**Data section:**
Content starts

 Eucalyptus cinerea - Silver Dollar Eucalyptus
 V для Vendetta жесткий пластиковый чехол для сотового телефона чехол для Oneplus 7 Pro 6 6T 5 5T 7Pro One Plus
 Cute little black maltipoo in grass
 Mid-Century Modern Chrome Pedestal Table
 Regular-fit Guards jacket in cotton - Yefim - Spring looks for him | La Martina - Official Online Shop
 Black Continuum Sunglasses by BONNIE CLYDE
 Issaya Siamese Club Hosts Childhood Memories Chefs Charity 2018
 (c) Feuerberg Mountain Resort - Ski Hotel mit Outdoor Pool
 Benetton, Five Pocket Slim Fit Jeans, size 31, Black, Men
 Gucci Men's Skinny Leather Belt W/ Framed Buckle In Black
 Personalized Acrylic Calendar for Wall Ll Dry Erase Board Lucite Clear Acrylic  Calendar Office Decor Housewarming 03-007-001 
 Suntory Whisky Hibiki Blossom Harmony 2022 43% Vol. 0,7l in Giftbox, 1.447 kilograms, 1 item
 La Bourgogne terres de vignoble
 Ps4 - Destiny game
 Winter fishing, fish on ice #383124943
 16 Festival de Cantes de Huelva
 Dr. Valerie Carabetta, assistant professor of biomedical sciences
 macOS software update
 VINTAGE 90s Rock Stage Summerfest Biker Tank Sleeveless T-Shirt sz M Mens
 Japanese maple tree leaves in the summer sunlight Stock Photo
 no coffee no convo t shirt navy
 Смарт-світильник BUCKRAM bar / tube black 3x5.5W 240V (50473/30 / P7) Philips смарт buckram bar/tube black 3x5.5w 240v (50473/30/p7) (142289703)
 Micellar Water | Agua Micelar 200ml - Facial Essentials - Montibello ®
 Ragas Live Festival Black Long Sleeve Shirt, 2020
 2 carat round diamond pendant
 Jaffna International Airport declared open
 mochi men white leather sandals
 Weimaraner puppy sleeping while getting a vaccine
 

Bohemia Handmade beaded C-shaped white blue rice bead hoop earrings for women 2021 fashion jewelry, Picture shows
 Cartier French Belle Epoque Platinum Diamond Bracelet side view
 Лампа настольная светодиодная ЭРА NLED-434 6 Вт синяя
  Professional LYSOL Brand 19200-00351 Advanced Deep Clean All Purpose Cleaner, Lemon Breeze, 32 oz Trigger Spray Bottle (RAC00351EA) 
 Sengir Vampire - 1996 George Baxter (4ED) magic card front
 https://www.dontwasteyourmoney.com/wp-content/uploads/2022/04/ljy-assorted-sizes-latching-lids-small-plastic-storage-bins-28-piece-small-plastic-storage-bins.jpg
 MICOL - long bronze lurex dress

Content ends

**Action item:**
Copy out each line of the listing that holds the string "Festival".

**Response to this task:**
 16 Festival de Cantes de Huelva
 Ragas Live Festival Black Long Sleeve Shirt, 2020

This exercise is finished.